**What you have to do:** Could the listing be repeated exactly, with every picture dropped?

**The data:**

┄┄┄┄┄┄

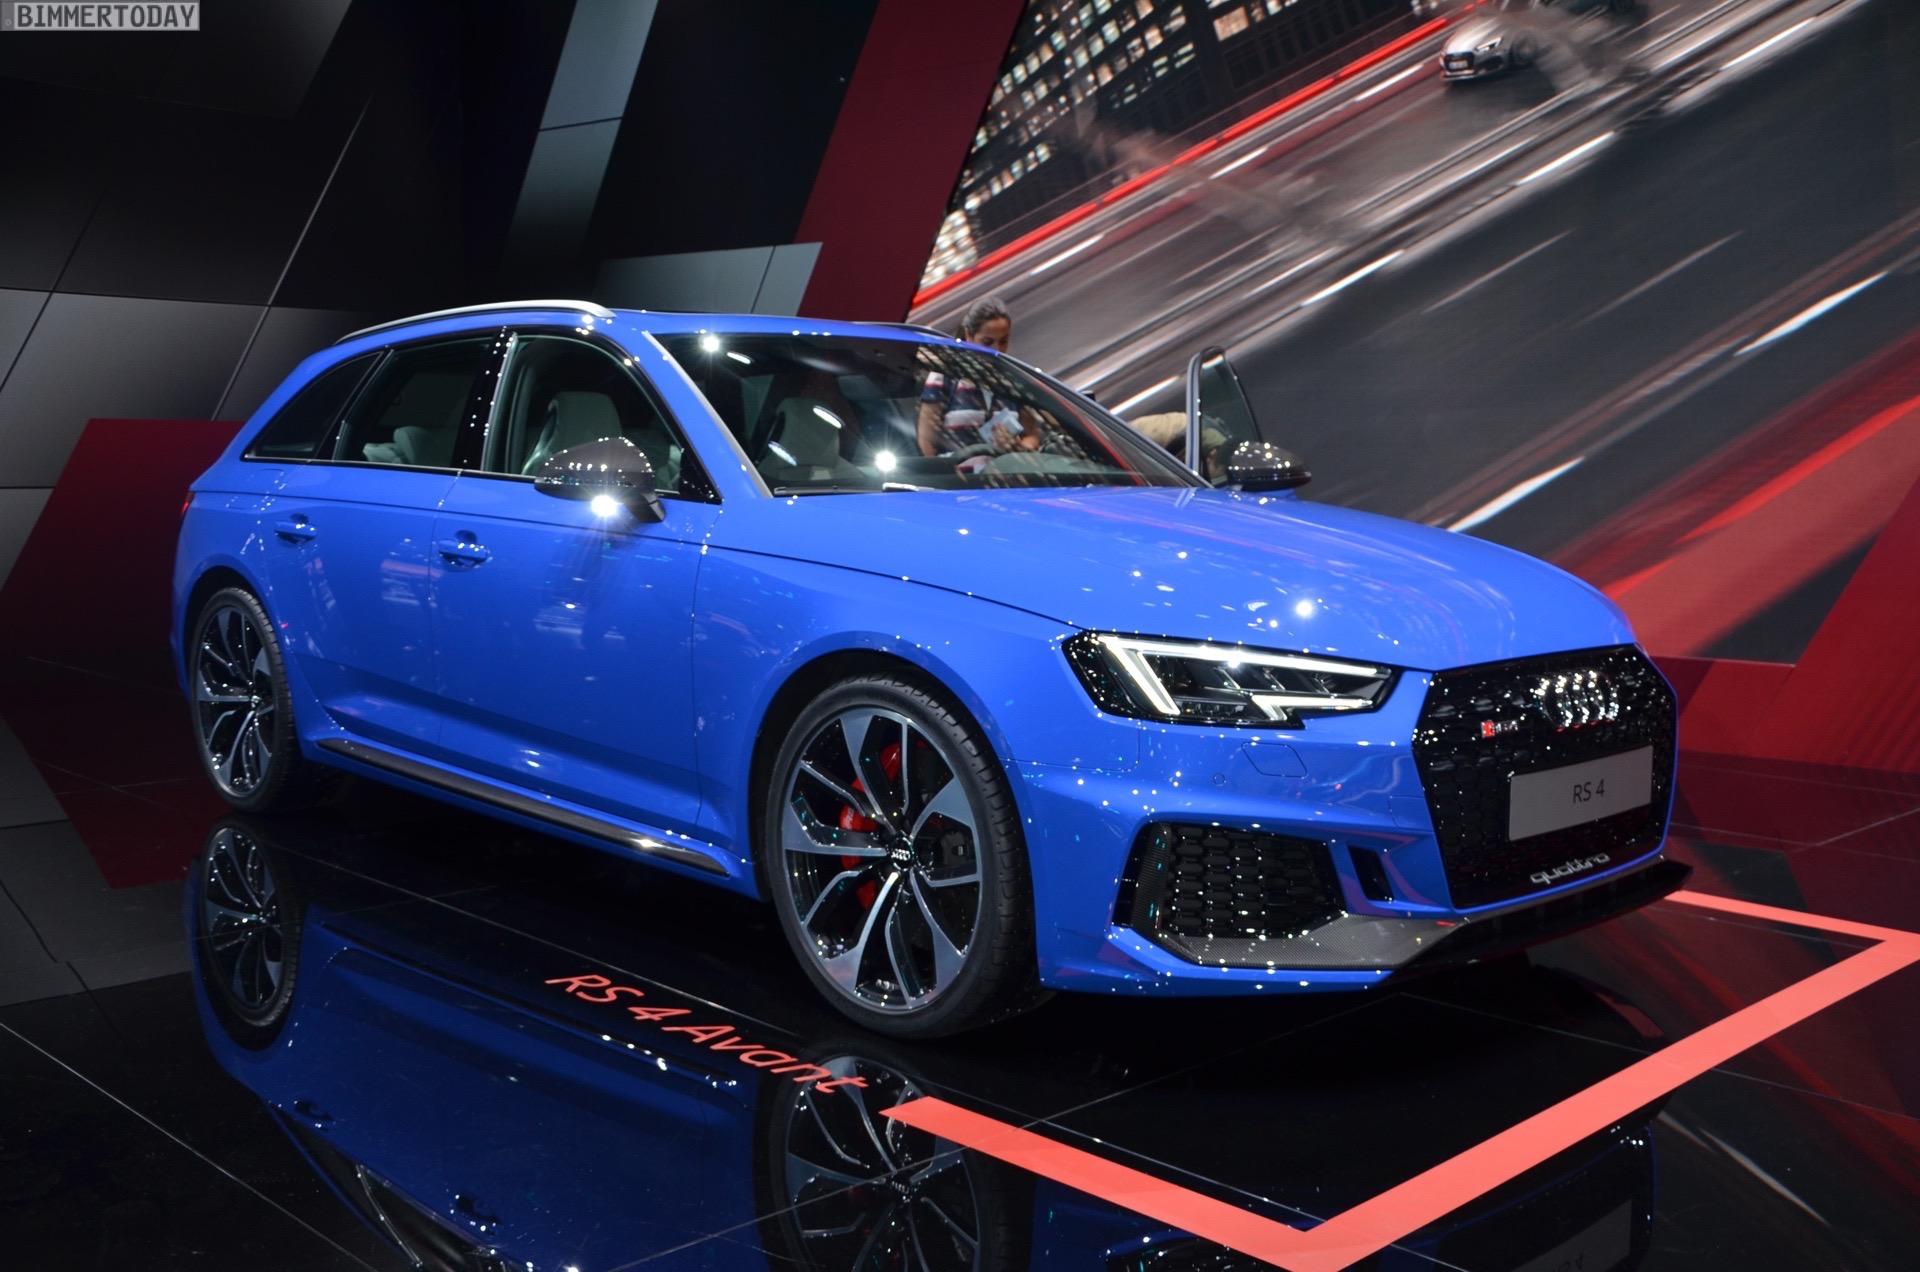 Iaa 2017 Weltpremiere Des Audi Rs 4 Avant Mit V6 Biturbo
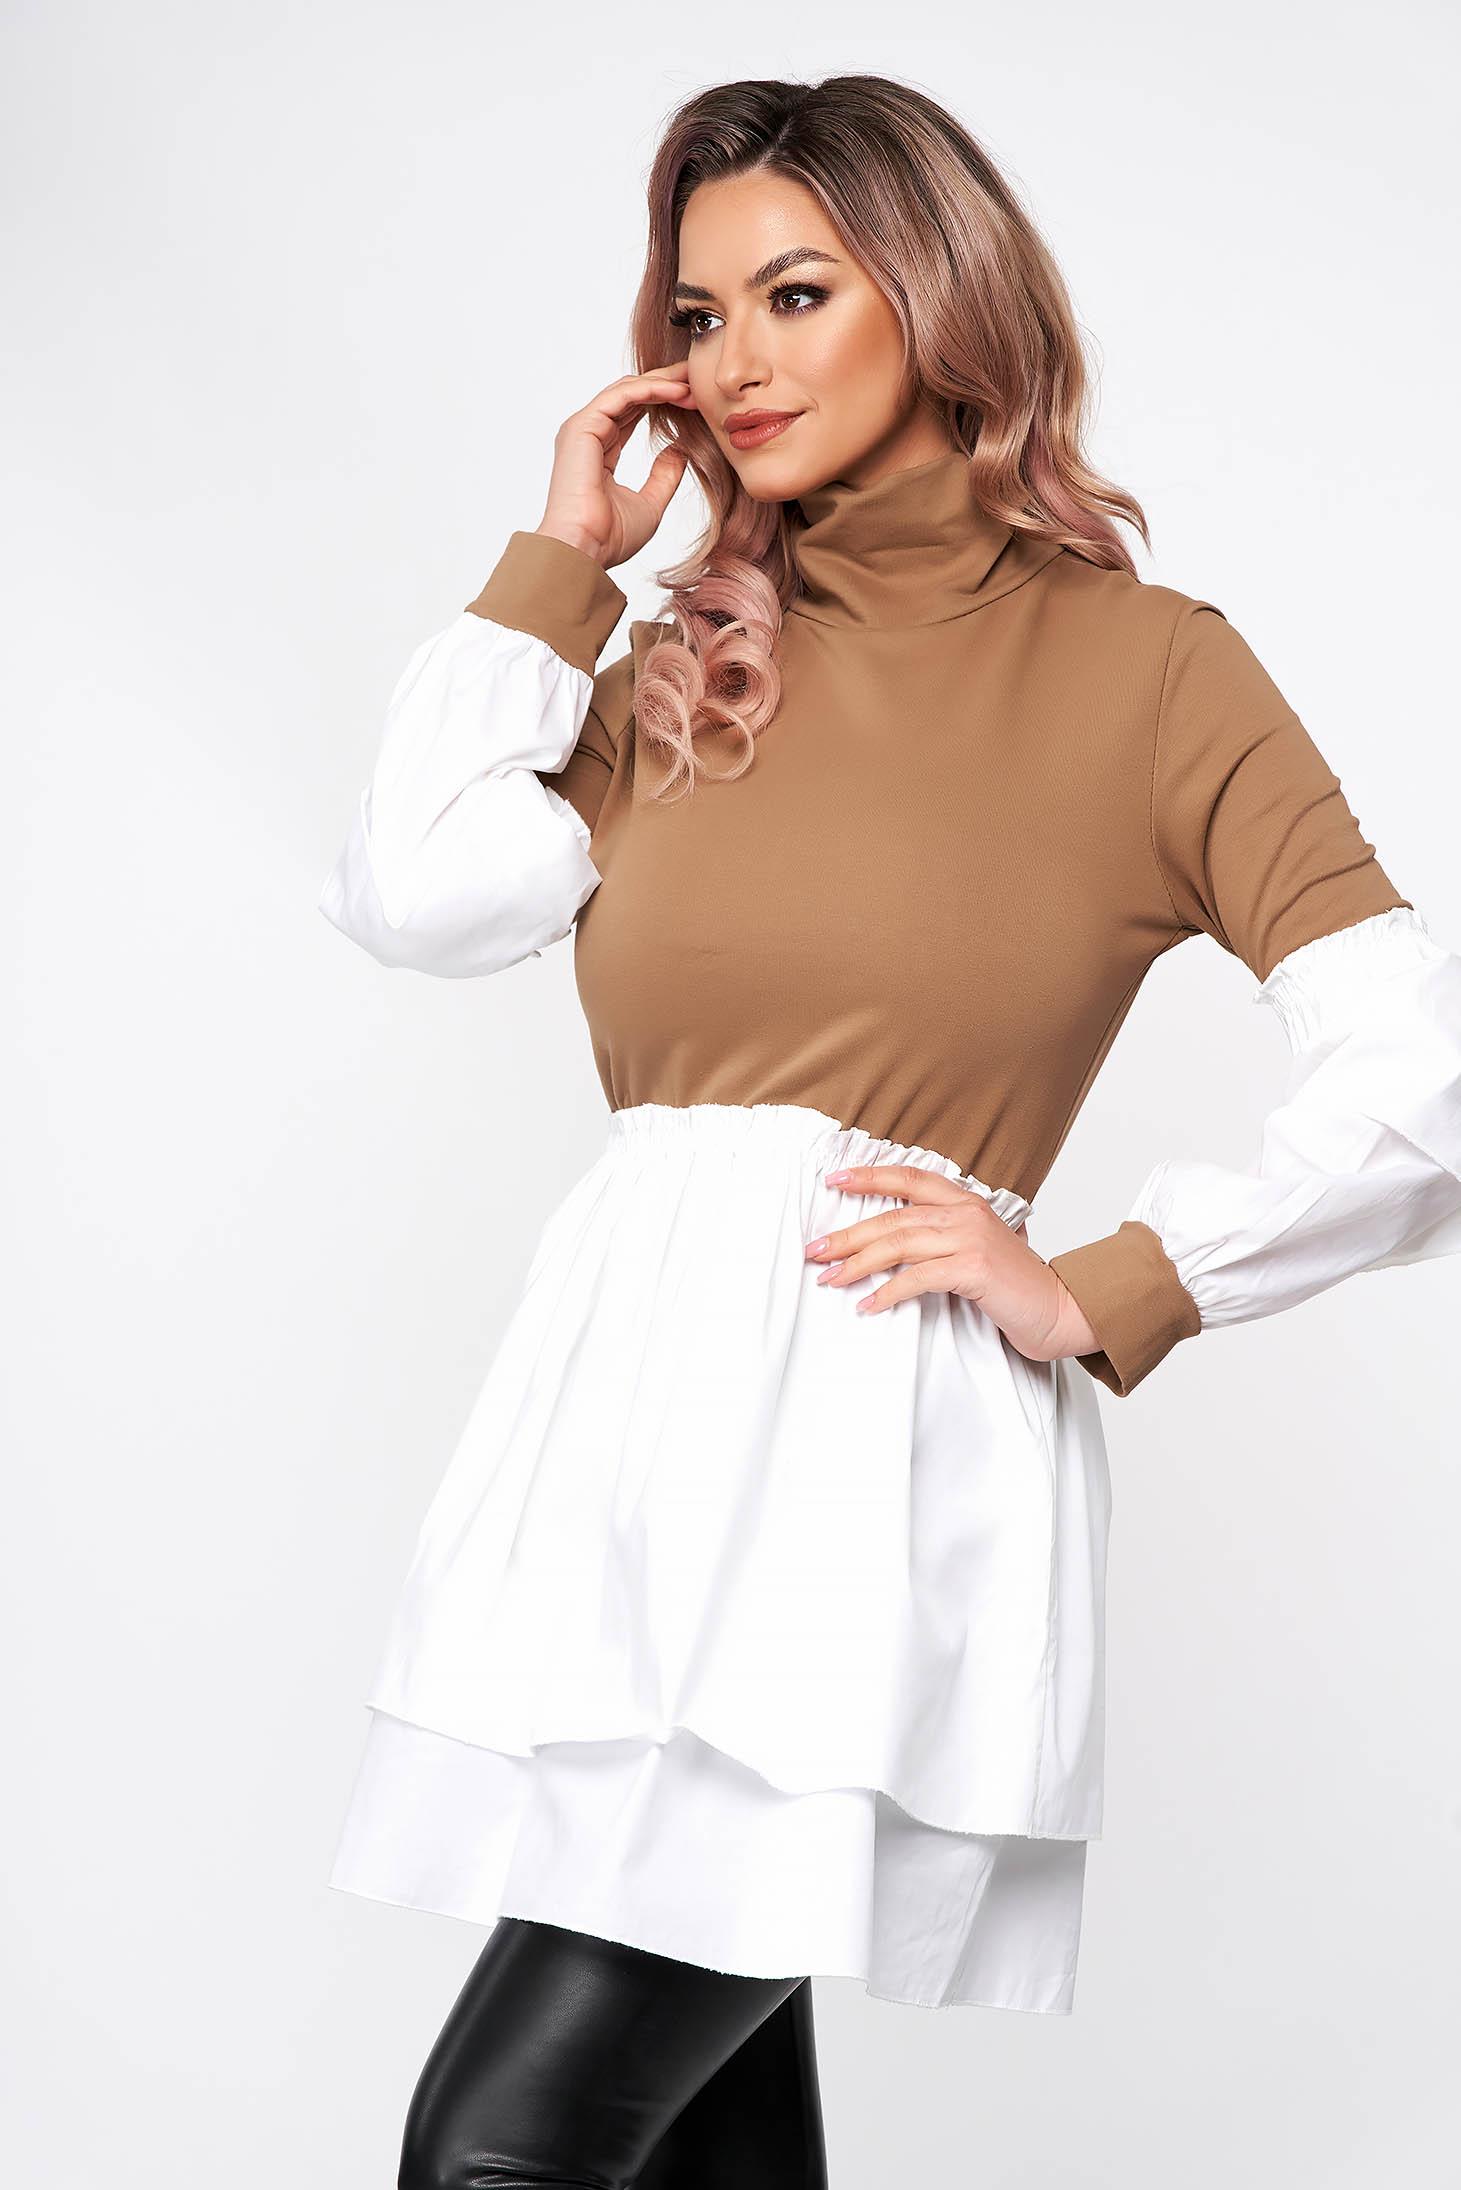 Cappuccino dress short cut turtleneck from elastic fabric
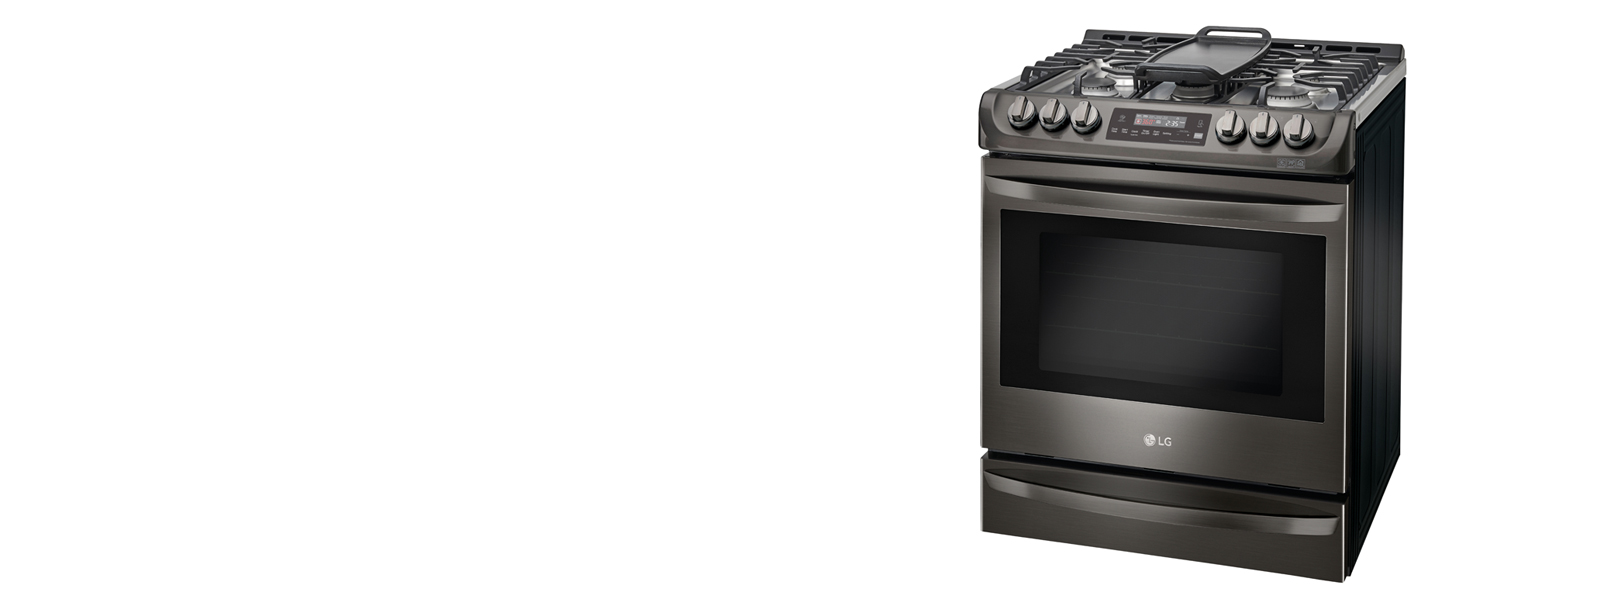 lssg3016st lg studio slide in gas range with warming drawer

┄┄┄┄┄┄

**Solution to this task:**
 Iaa 2017 Weltpremiere Des Audi Rs 4 Avant Mit V6 Biturbo
 Cappuccino dress short cut turtleneck from elastic fabric
 lssg3016st lg studio slide in gas range with warming drawer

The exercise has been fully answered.